**Dataset section**

☆ ☆ ☆ ☆

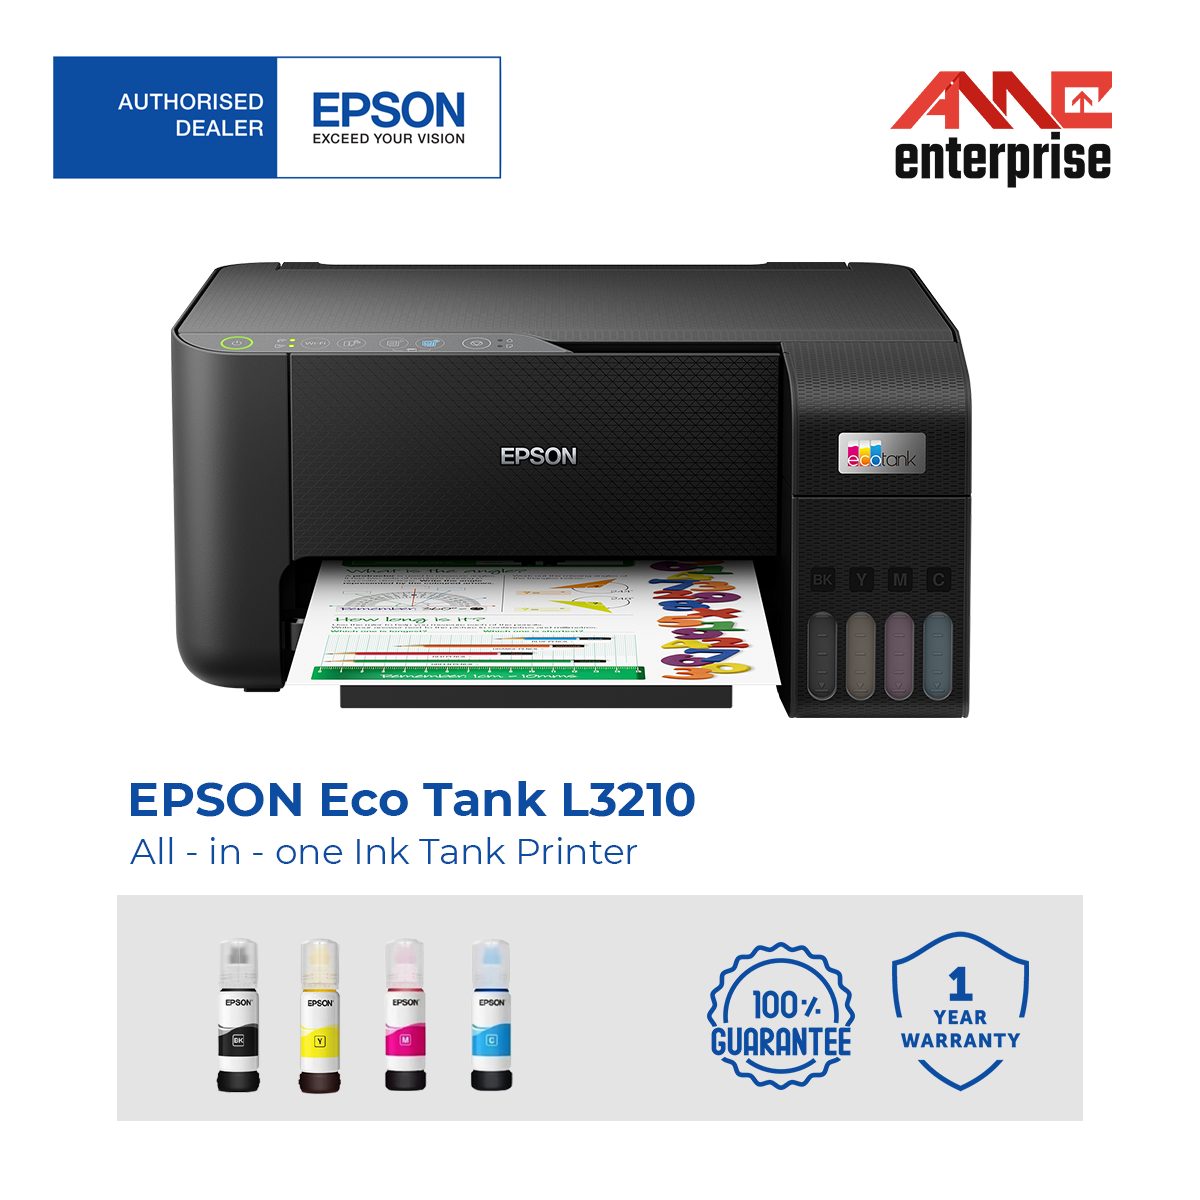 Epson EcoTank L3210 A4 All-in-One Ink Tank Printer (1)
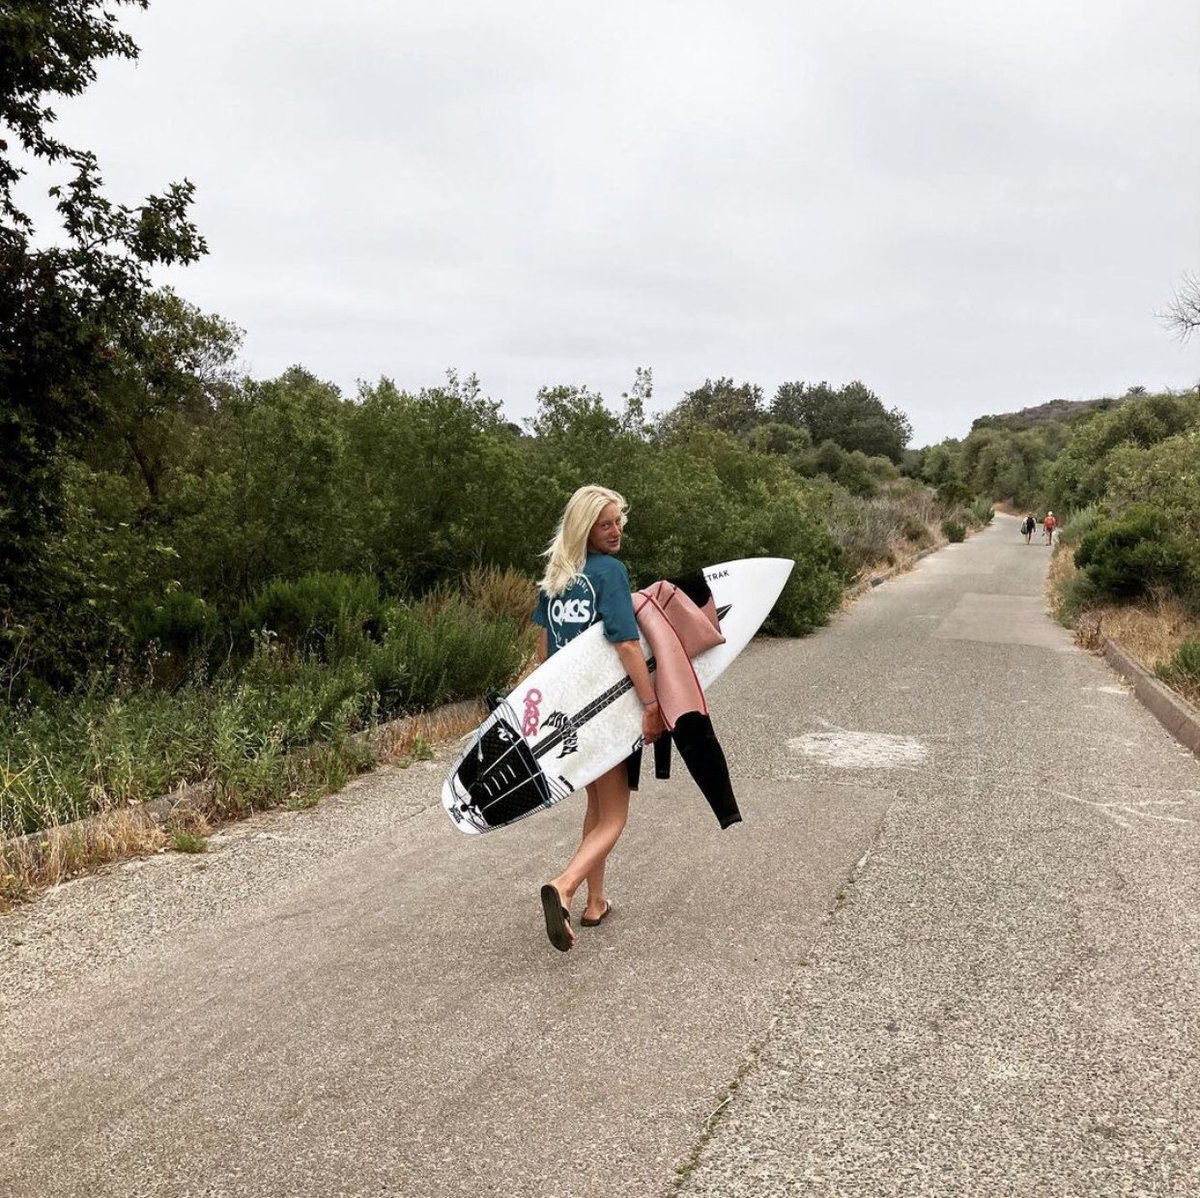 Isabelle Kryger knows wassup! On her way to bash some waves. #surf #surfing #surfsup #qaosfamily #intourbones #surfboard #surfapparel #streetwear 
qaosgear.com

☆ ☆ ☆ ☆

**Instructions to follow**
A verbatim copy of the material is needed; pictures are not to appear in it.

**Answer to the problem**
 Epson EcoTank L3210 A4 All-in-One Ink Tank Printer (1)
 Isabelle Kryger knows wassup! On her way to bash some waves. #surf #surfing #surfsup #qaosfamily #intourbones #surfboard #surfapparel #streetwear 
qaosgear.com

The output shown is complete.